(Material provided Opens)
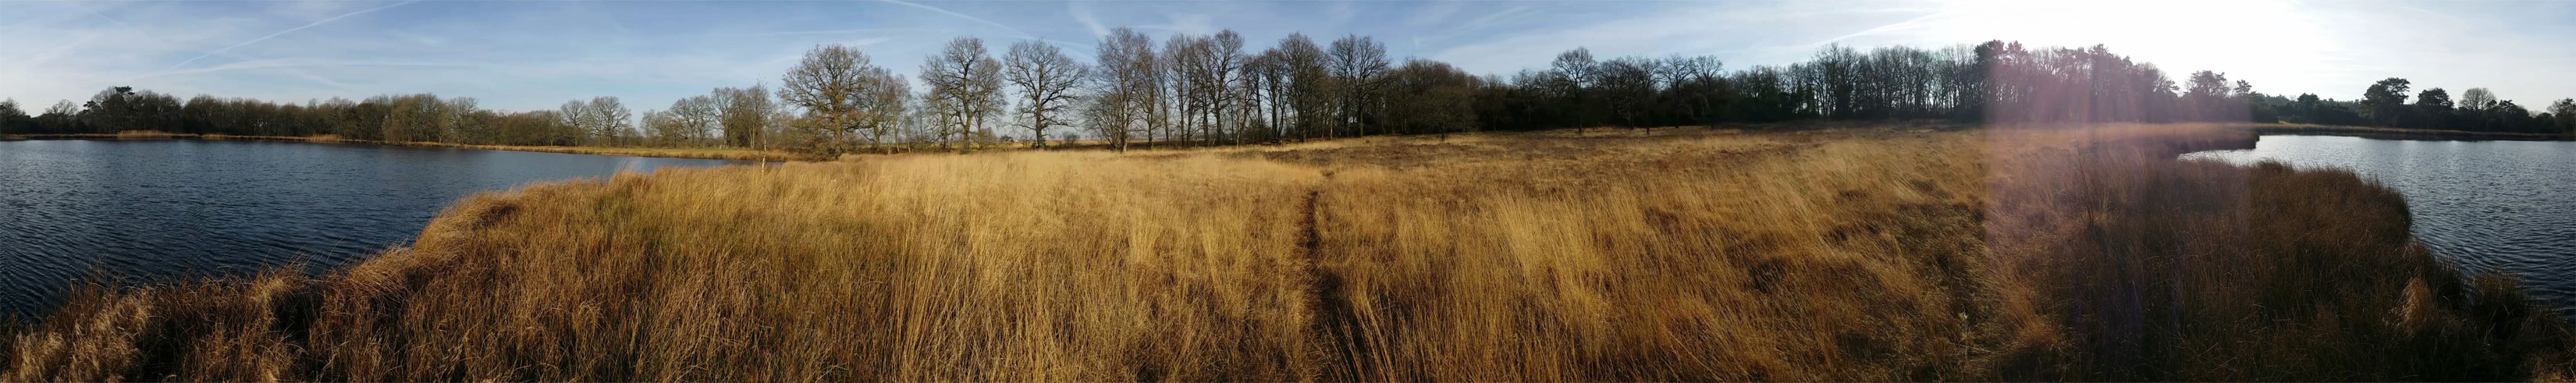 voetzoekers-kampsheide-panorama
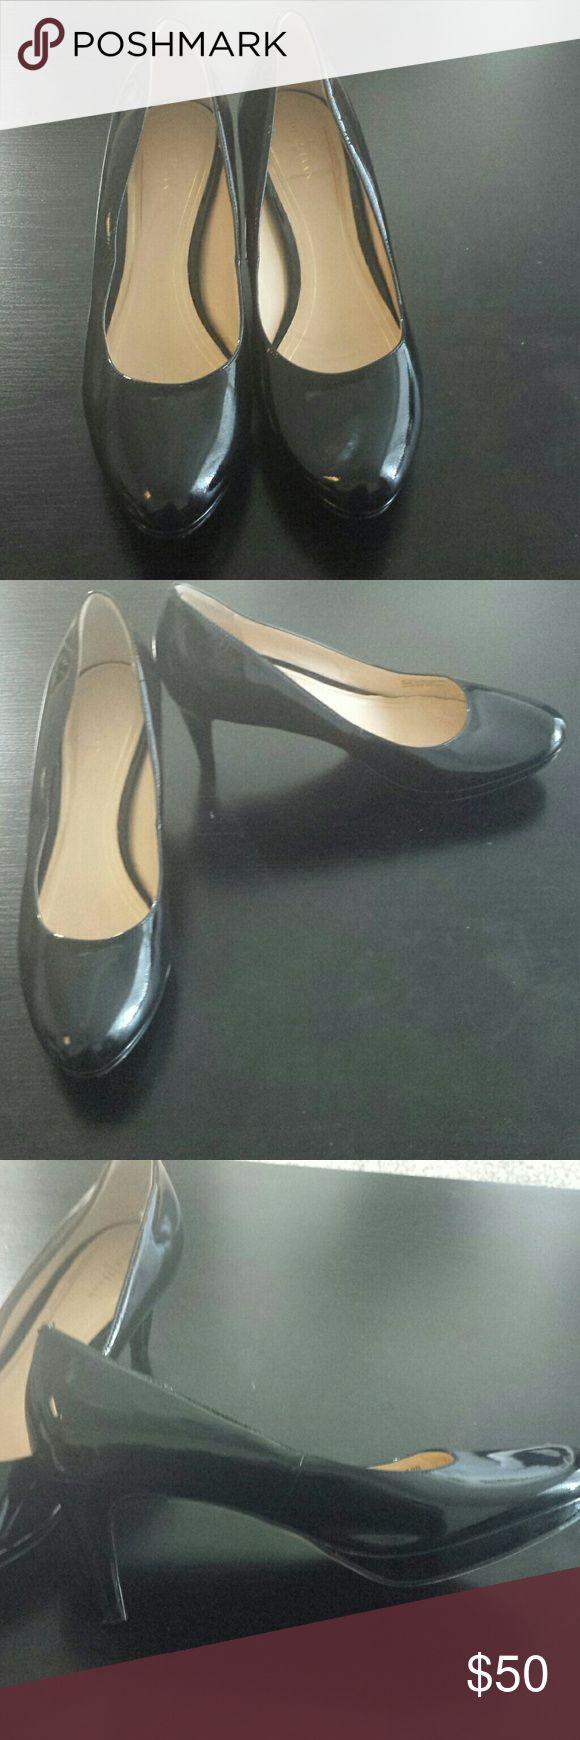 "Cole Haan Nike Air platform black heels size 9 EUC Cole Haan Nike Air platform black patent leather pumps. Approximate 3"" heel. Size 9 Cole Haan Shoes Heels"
(Material provided Closes)
(Material provided Opens)
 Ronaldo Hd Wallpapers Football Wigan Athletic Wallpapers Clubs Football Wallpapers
(Material provided Closes)
> The problem
Give again the stretch of the entries above that begins at the line with "voetzoekers-kampsheide-panorama" and ends at the line with "platform black heels", word for word, with no pictures.

> Reply to the task
 voetzoekers-kampsheide-panorama
 "Cole Haan Nike Air platform black heels size 9 EUC Cole Haan Nike Air platform black patent leather pumps. Approximate 3"" heel. Size 9 Cole Haan Shoes Heels"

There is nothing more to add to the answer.